Carmichael continued: "Ministers know that PSHE requires improvement in 40% of schools, yet they appear to see no urgency in tackling this.

"I am confident that the new Committee will want to pursue this matter with ministers, making use of any new evidence and questioning the Secretary of State further in due course."

On Wednesday, Green MP Caroline Lucas brought a bill before parliament calling for PSHE to be made statutory, which was granted a second reading in January.

The education committee had made several recommendations, two of which it says have still to be addressed by the government, which included: developing a plan for introducing age-appropriate PSHE and SRE as statutory subjects in schools; funding of PSHE teachers and school nurses to be reinstated; Ofsted resuming its inspection of PSHE provision and renaming SRE as relationships and sex education to "emphasise the relationships element of the subject".

Girlguiding advocate Ashvini Rae also described the news as "very disappointing".

"Thousands of young people are currently being failed by sex education and we urgently need to do something about it.," the 17-year-old said. "Girlguiding research has found that 64% of 16 to 21 year olds feel their experiences of sex education did not focus enough on relationships, while 37% feel that sex education offered at school did not prepare them well for real life.

"Young people deserve to be taught about issues that directly affect them. They need relevant and up-to-date advice that helps them to think beyond the confines of the classroom and make a real difference to their personal lives."

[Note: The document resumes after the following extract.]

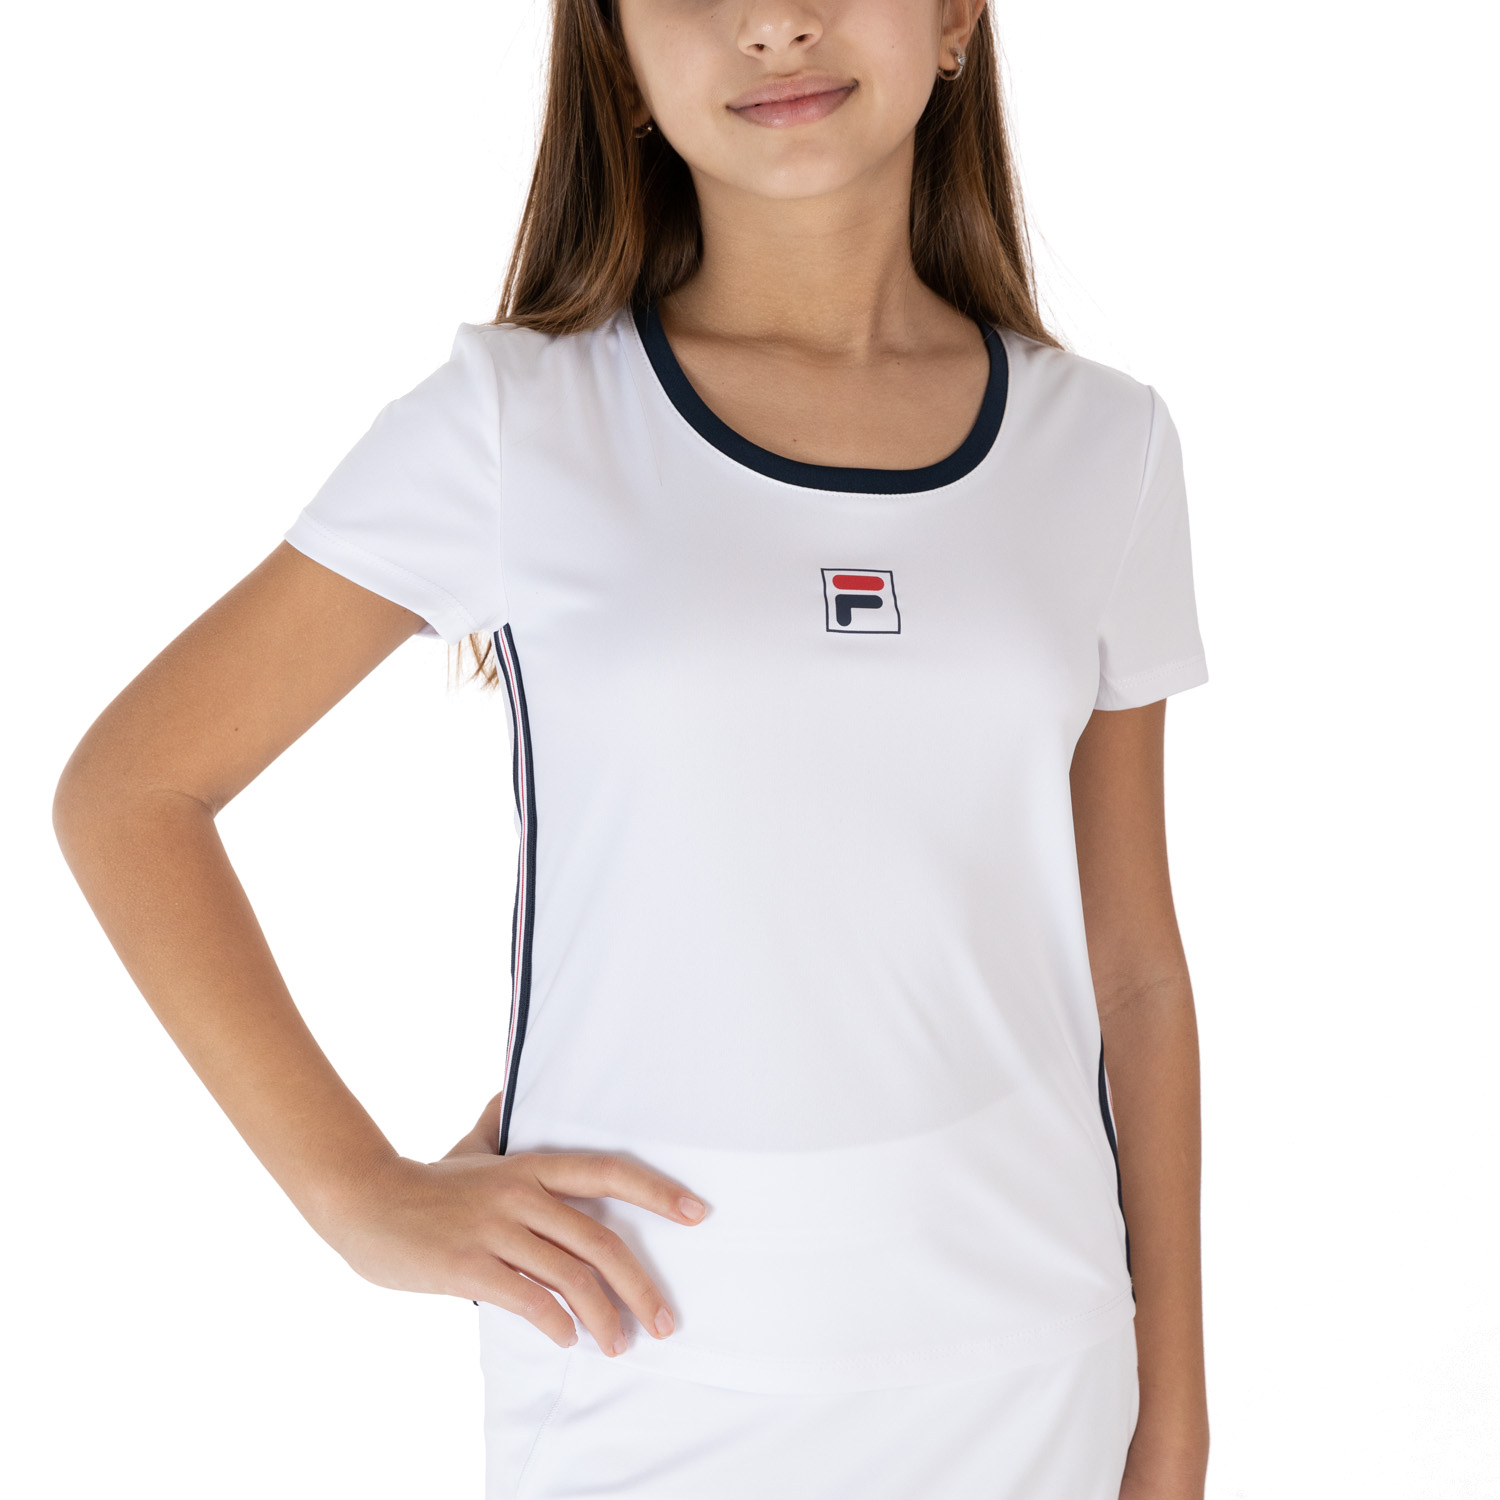 Fila Lucy T-Shirt Girls - White

In December 2014, David Cameron wrote to the chief executive of the National Aids Trust, which has been pushing for statutory sex and relationships education, expressing his support for the cause.

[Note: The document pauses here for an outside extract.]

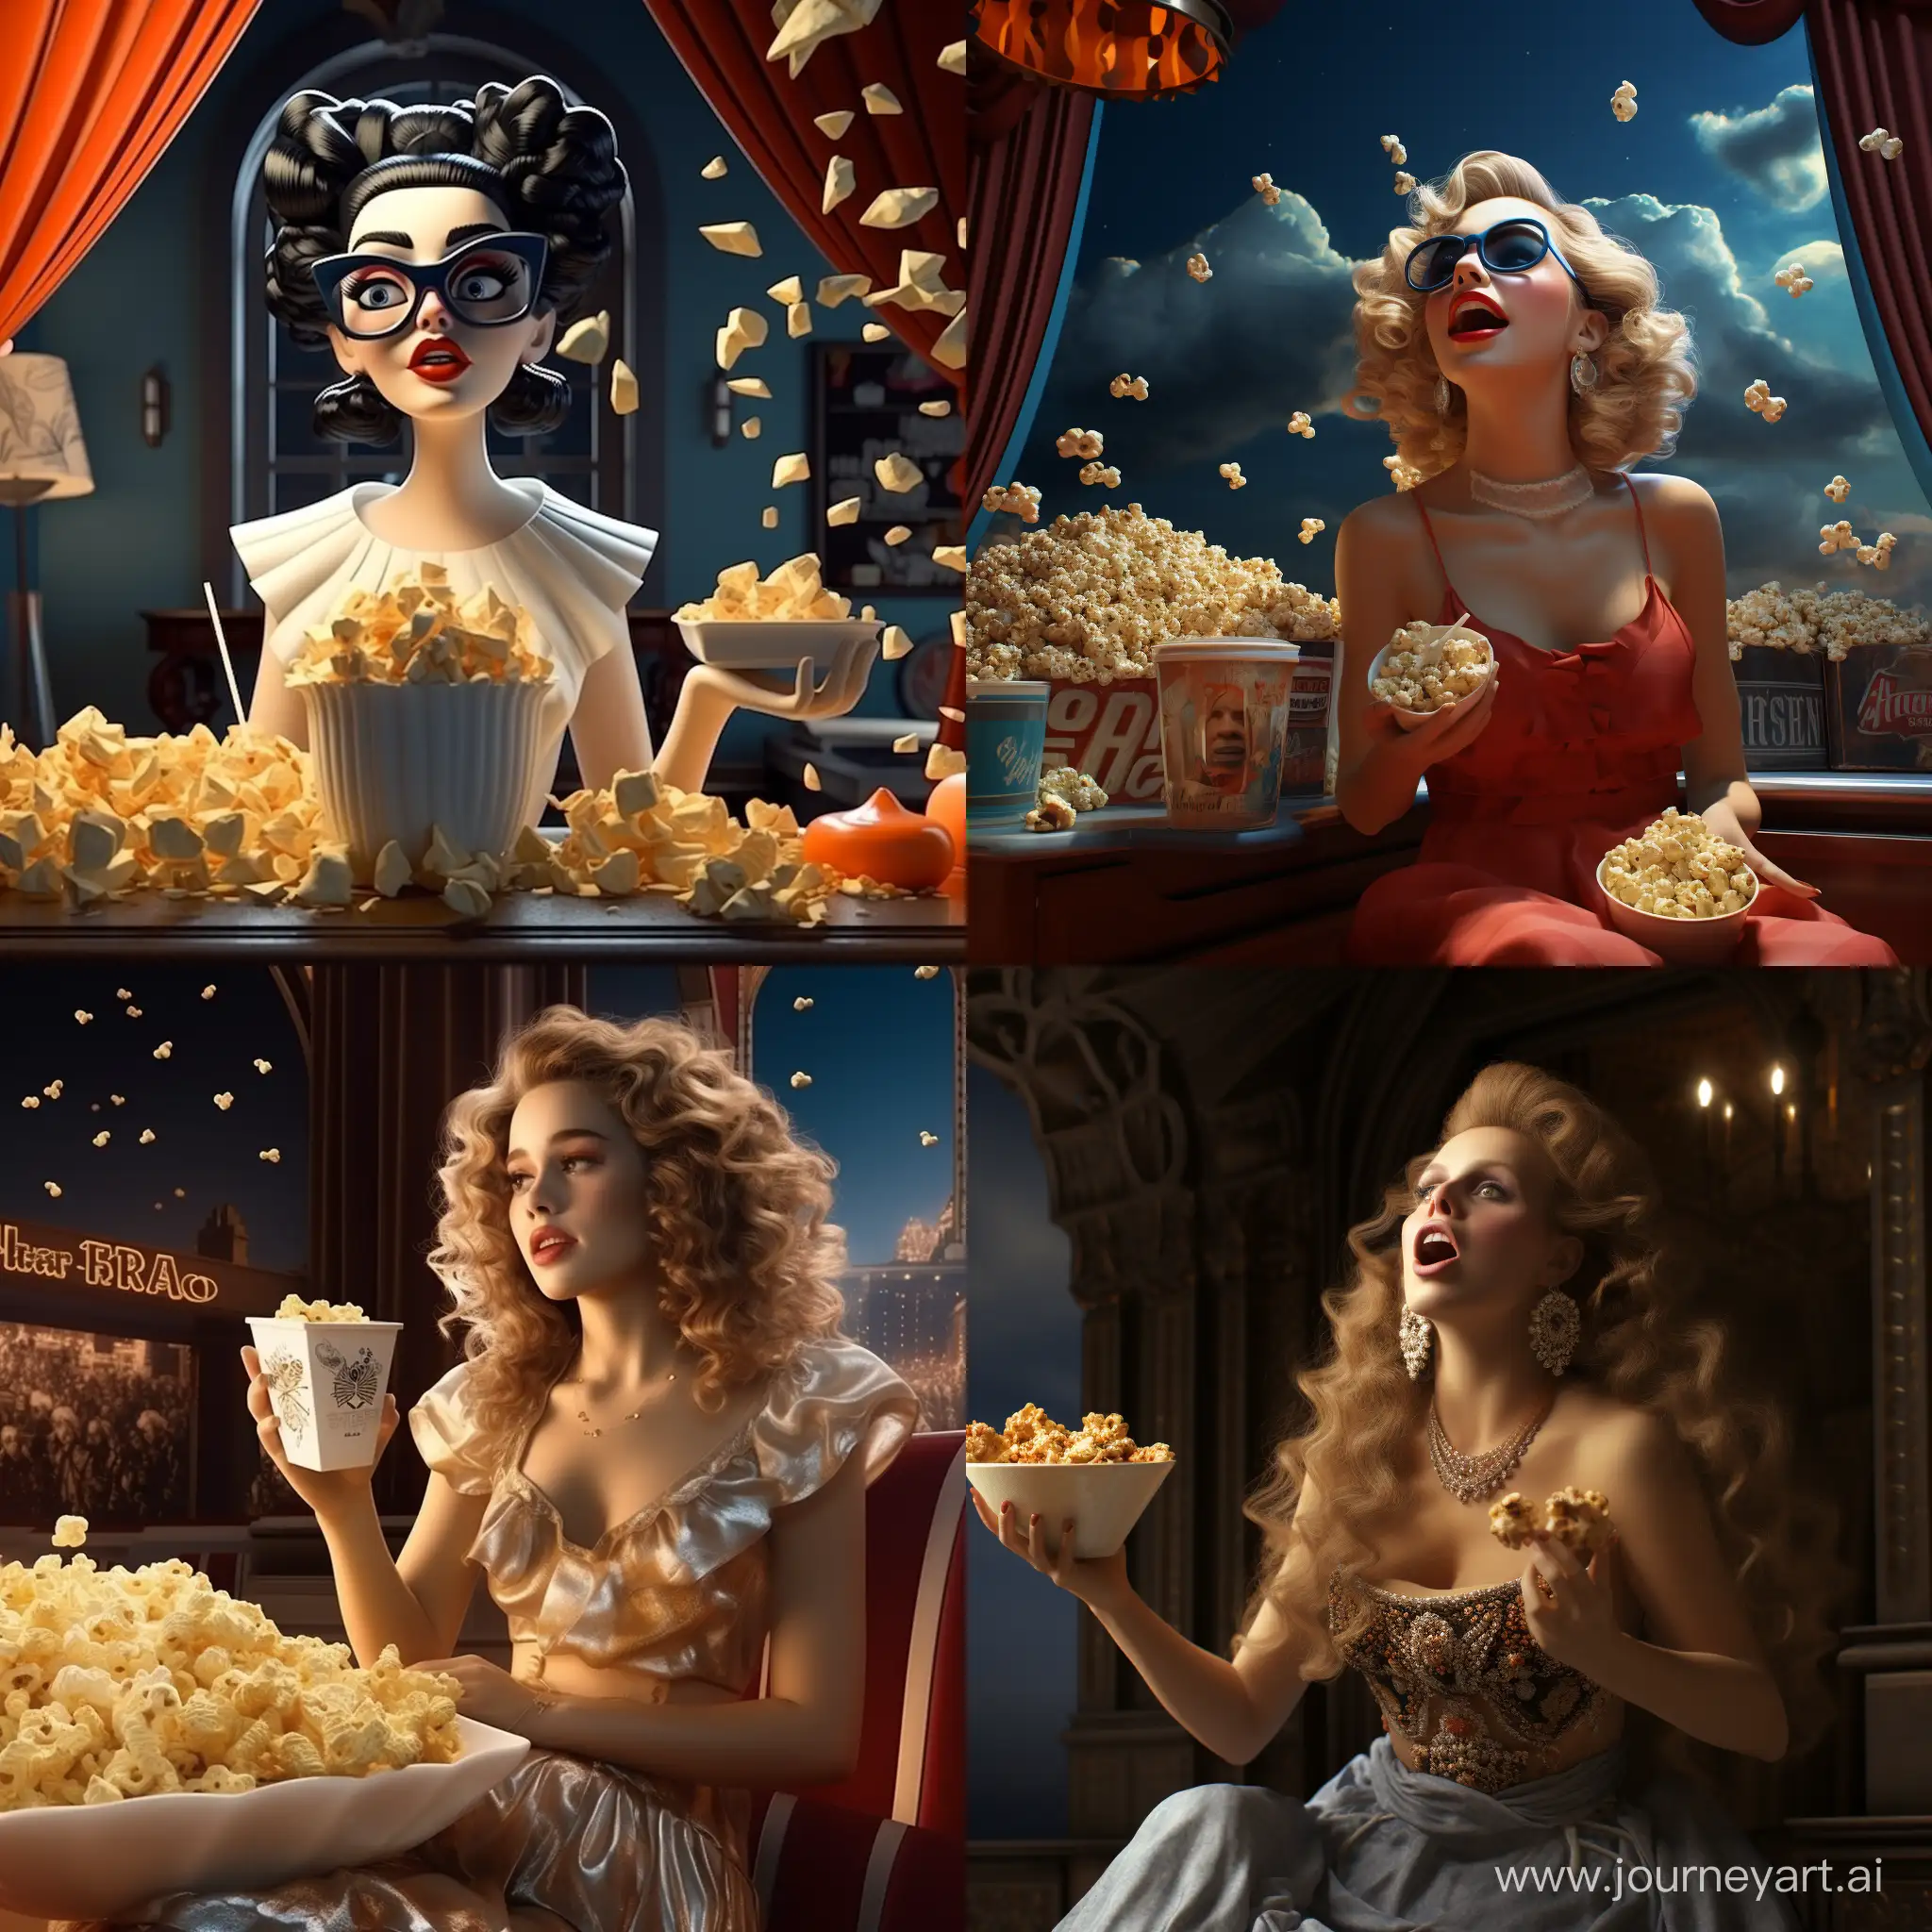 Elegant-Woman-Enjoying-Opera-with-Popcorn-in-3D-Animation

"I strongly agree with the importance of high-quality PSHE education in schools," he wrote. "I believe that all schools should teach PSHE.."

Cameron's letter expressing his support for PSHE

Various campaigns have been launched to pressure the government into making the lessons compulsory. The Sex Education Forum wants teachers to be able to address "real life issues", including domestic violence and consent.

A survey by the National Union of Students found 90% of students want to see SRE become statutory in schools. For two thirds of respondents, consent had not been discussed in lessons, with less than a fifth discussing LGBT issues.

In a blog for The Huffington Post UK, sexual health nurse Madelaine Ward emphasised the importance of discussing respect, responsibility and relationships in schools.

"It seems that we are so keen to teach our young people the mechanics of what is safe and what isn't, that we forget there is so much more they should, and indeed must, know," she wrote.

James Hanson, an HIV campaigner, warned young gay men are being let down by the education system, which does not cover LGBT relationships.

"I remember very clearly some awful sex ed lessons at school," he said. "I was shown a video of a typical family, where the whole family paraded around house naked and taught that sex is for a man and women for pleasure and have babies. I was never taught of the love between two men or two women.

"I was having feelings I didn't know what to do with and I felt so isolated because it was never spoken about. Looking back now I feel let down. I strongly believe that if the teachers had the right knowledge and support then they would have been much better equipped to help me and others too."

A survey published earlier this year on same sex relationships found three quarters of young men had not received any information, advice or support about gay relationships in SRE. More than two thirds had not received any information on HIV testing.